Without the images, repeat every line of the listing exactly.

_PROVIDED MATERIAL_
·····

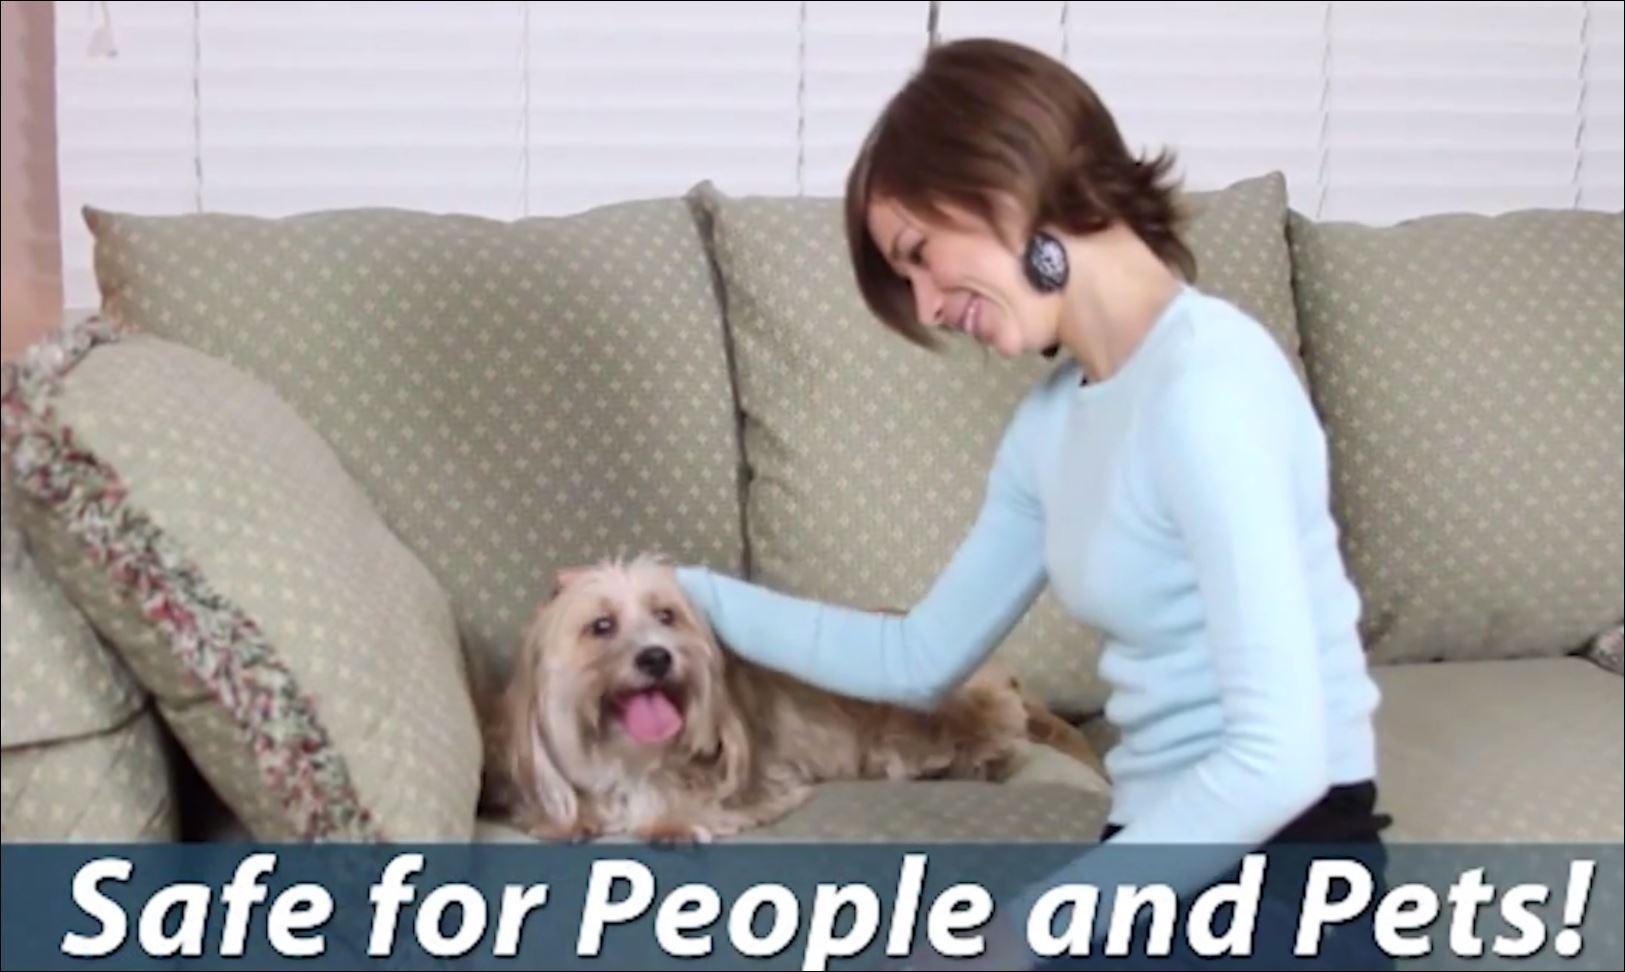 Earth Care Odor Eliminator For Carpets And Furniture
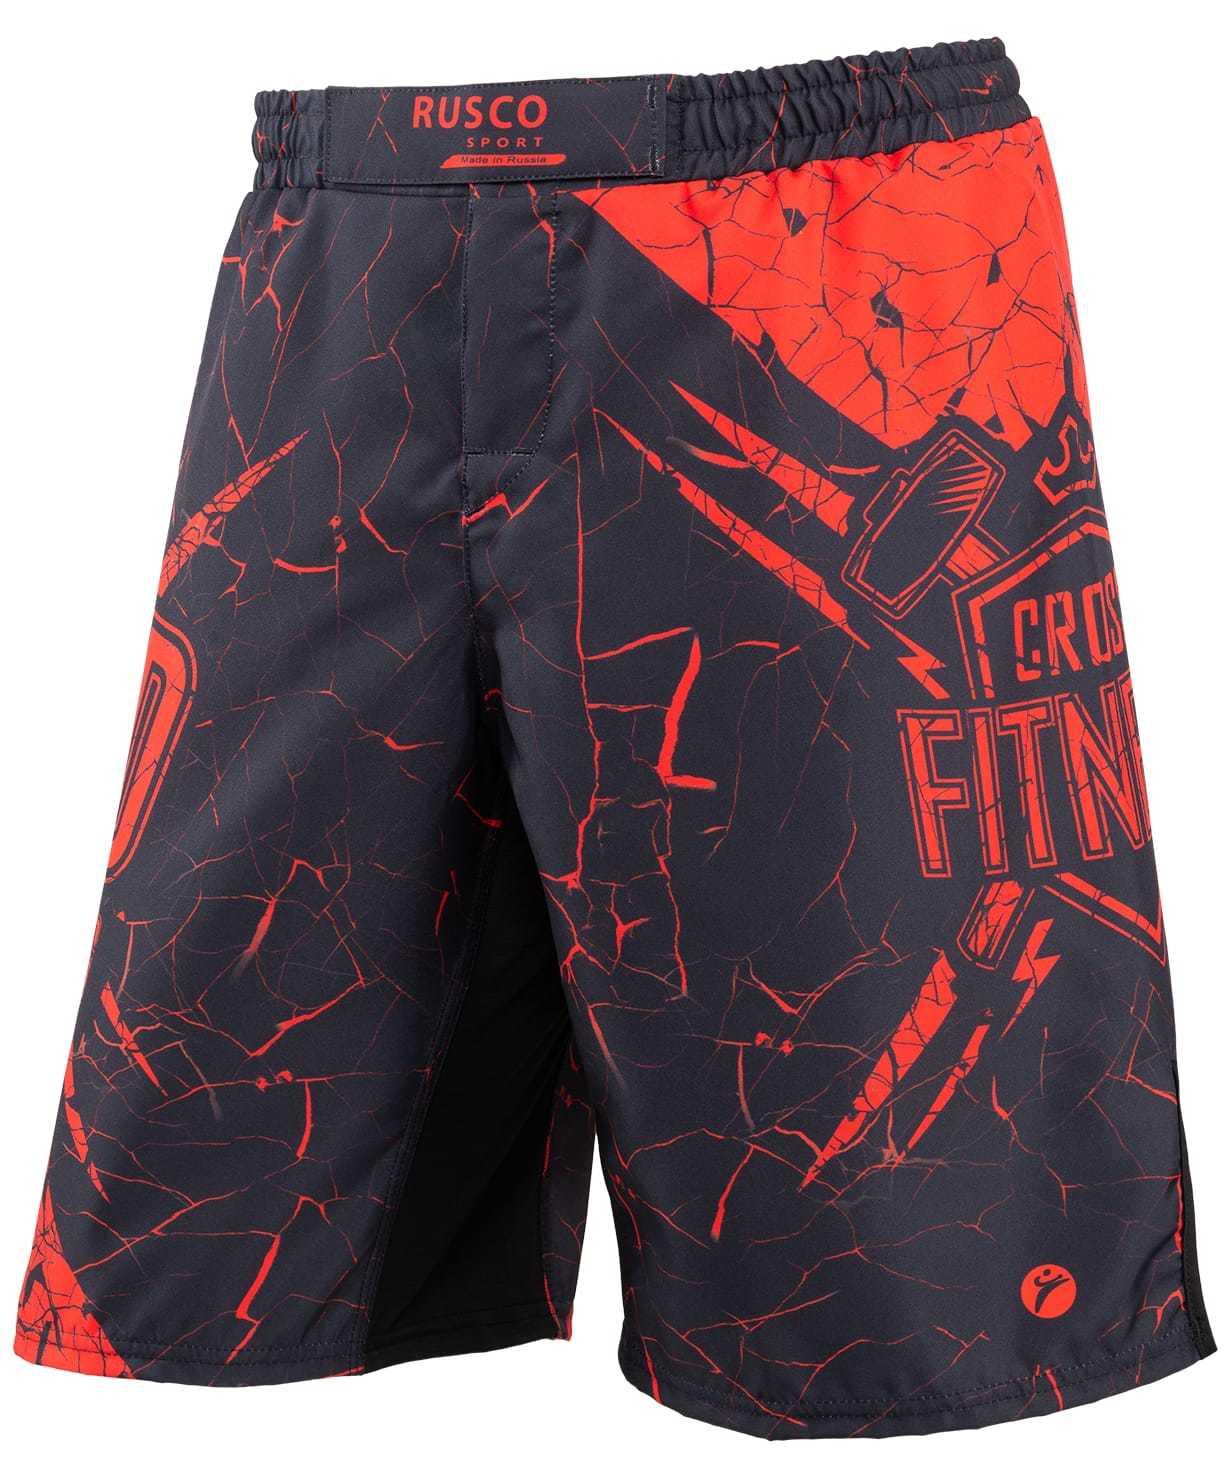 Рашгарды и шорты Шорты для MMA Cross Fitness, взрослые 1691903568472b5dc4479031b9ea987f.jpg
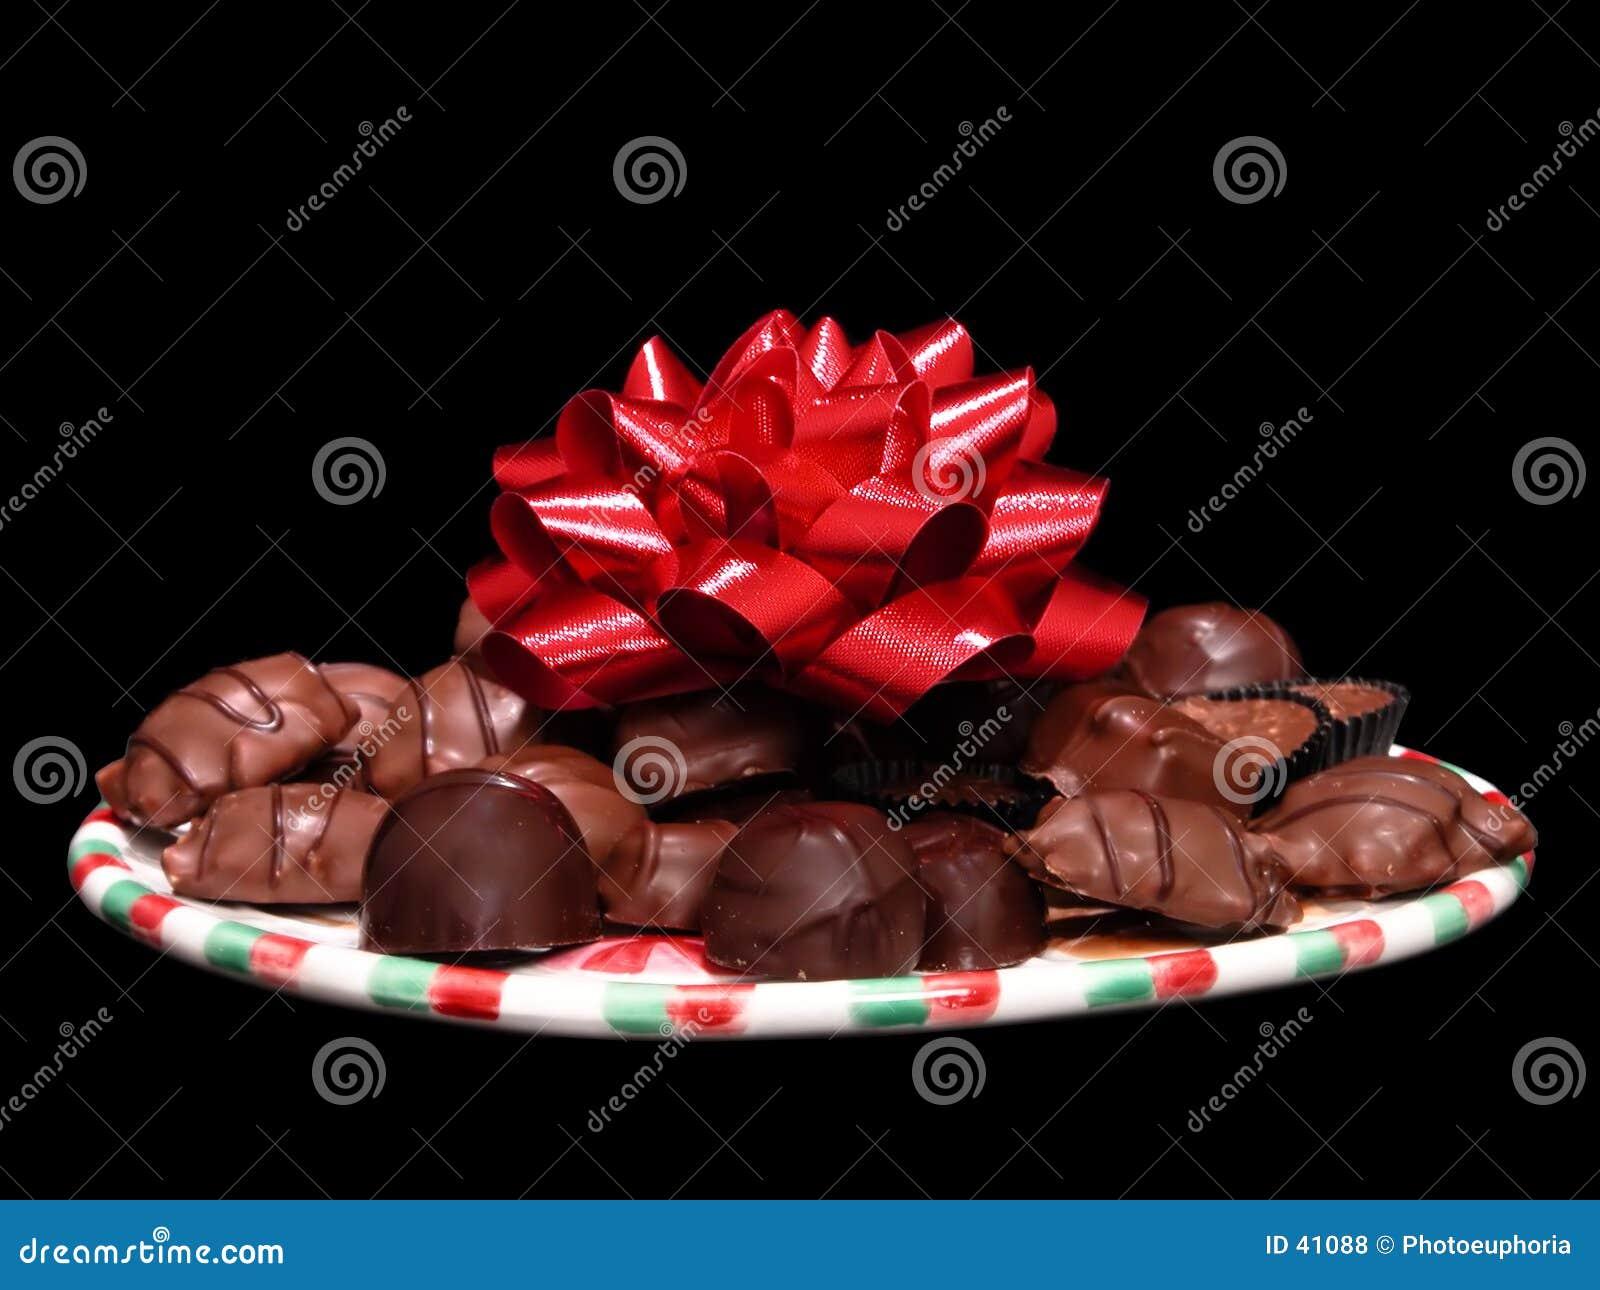 Chocolates Assorted

·····

_RESPONSE TO THIS TASK_
 Earth Care Odor Eliminator For Carpets And Furniture
 Рашгарды и шорты Шорты для MMA Cross Fitness, взрослые 1691903568472b5dc4479031b9ea987f.jpg
 Chocolates Assorted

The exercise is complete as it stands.